Hi guys, we are trying a new Metaflow - Batch use ...
# dev-metaflow
m
Hi guys, we are trying a new Metaflow - Batch use case whereby we use AWS’ new Inferentia chips https://aws.amazon.com/machine-learning/inferentia/ as our instance type on our queue. We have been working our way through some issues and realised that we needed to change the batch definition as we think inferentia ECS jobs need some additional linuxParameters which aren’t currently available in metaflow https://docs.aws.amazon.com/AmazonECS/latest/developerguide/ecs-inference.html. We think we have a working fork with all the requisite changes where we add:
Copy code
job_definition['linuxParameters']['devices'] = {
                    "containerPath": "/dev/neuron0",
                    "hostPath": "/dev/neuron0",
                    "permissions": [
                        "read",
                        "write"
                    ]
                }
, when we specify
@batch(inferentia=True,...)
parameter. This is working as far as metaflow lets us run the flow and run our preprocessing steps but we are hitting a very uninformative error somewhere in the process of sending the job to batch. The error just tells us:
Copy code
Usage: main.py batch step [OPTIONS] STEP_NAME CODE_PACKAGE_SHA
2022-03-15 17:01:59.282 [1776/infer_video/100870 (pid 15323)] CODE_PACKAGE_URL
2022-03-15 17:01:59.282 [1776/infer_video/100870 (pid 15323)] Try 'main.py batch step --help' for help.

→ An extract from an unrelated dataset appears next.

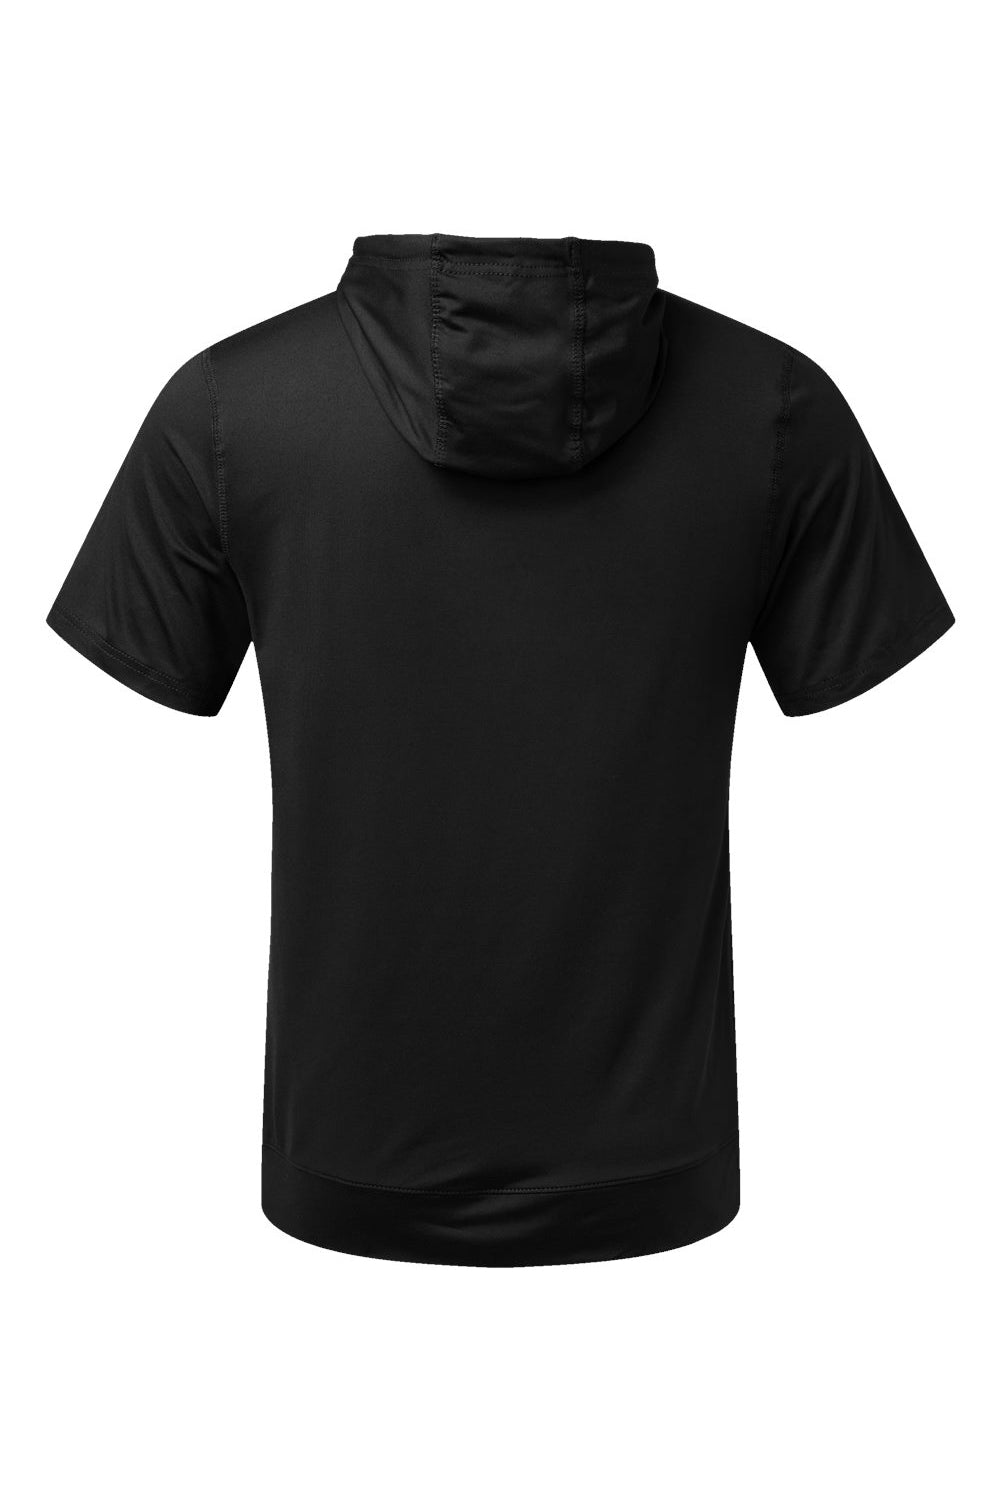 Holloway 222505 Mens Eco Revive Ventura Short Sleeve Hooded Sweatshirt Hoodie Black Flat Back

2022-03-15 17:01:59.282 [1776/infer_video/100870 (pid 15323)]
2022-03-15 17:01:59.282 [1776/infer_video/100870 (pid 15323)] Error: Got unexpected extra argument (432000)
Has anyone tried to add new batch parameters in a branch/fork of metaflow? Has anyone seen this error or could advice. Thanks in advance
1
a
@melodic-train-1526 You would also have to add
inferentia
here - https://github.com/Netflix/metaflow/blob/master/metaflow/plugins/aws/batch/batch_cli.py#L153
You can check the CLI args getting invoked by uncommenting https://github.com/Netflix/metaflow/blob/master/metaflow/runtime.py#L1018
m
Thanks @square-wire-39606, I didn’t mention in the original message but we have already added it in the batch_cli file also. I will try however that debugging step
👍 1
Hey @square-wire-39606 is there somewhere else I should be adding the inferentia parameter. Below is my output of the debugging command, and I know that it hits my batch_client code because if I set
inferentia=1
for example, it throws a type error as in my code in
batch_client.py
, I check it is a boolean. I have added it in
batch_cli.py
batch.py
batch_client.py
and
batch_decorator
code, but I still getting the above error presumably because it sees
--inferentia --run-time_limit 43200
and doesn’t properly recognise the
--inferentia
?? Can you advise.
Copy code
running /home/ec2-user/pytorch_venv/bin/python3 main.py --quiet --metadata service --environment local --datastore s3 --event-logger nullSidecarLogger --monitor nullSidecarMonitor --datastore-root <s3://metaflow-s3-development-euwe1/metaflow> batch step infer_video 445e09c5381ee16b18570566ddfe471a9f338487 <s3://metaflow-s3-development-euwe1/metaflow/Inferrer/data/44/445e09c5381ee16b18570566ddfe471a9f338487> --run-id 1841 --task-id 101118 --input-paths 1841/start/101113 --split-index 4 --retry-count 0 --max-user-code-retries 0 --namespace user:ec2-user --cpu 1 --gpu 0 --memory 7900 --image <http://619782547715.dkr.ecr.eu-west-1.amazonaws.com/ml_research/metaflow_inference_docker:inferentia|619782547715.dkr.ecr.eu-west-1.amazonaws.com/ml_research/metaflow_inference_docker:inferentia> --queue inf-metaflow-development-euwe1 --iam-role arn:aws:iam::619782547715:role/metaflow-batch_s3_task_role-development-euwe1 --inferentia --run-time-limit 432000
sorted now!
s
Awesome!
f
Hey @melodic-train-1526, I have a similar use case. Are you guys looking to open a PR with this feature implemented?
m
Hi @fresh-battery-60373, yes we can. We have it all working, there are only a few changes. I will aim to make the PR by the end of the week
🙌 2
thankyou 1
Hi, @fresh-battery-60373 I have now made a PR (apologies was on holiday last week and didn’t get around to it before leaving). https://github.com/Netflix/metaflow/pull/997. @square-wire-39606 are you able to take a look please when you have some time
🙌 1
🥇 1
a
Thanks @melodic-train-1526! I am away today and tomorrow - is it okay if I take a look on Wednesday?
m
No probs, it’s no rush. Just drawing your attention to this when you have time. Enjoy your time off.
❤️ 1
s
@melodic-train-1526 I have made some comments. Overall the PR looks good - let's get it to the finish line!
m
Great, will aim to take a look tomorrow - also while I have your attention is there any reason why you haven’t yet merged the throttling PR from jaklinger?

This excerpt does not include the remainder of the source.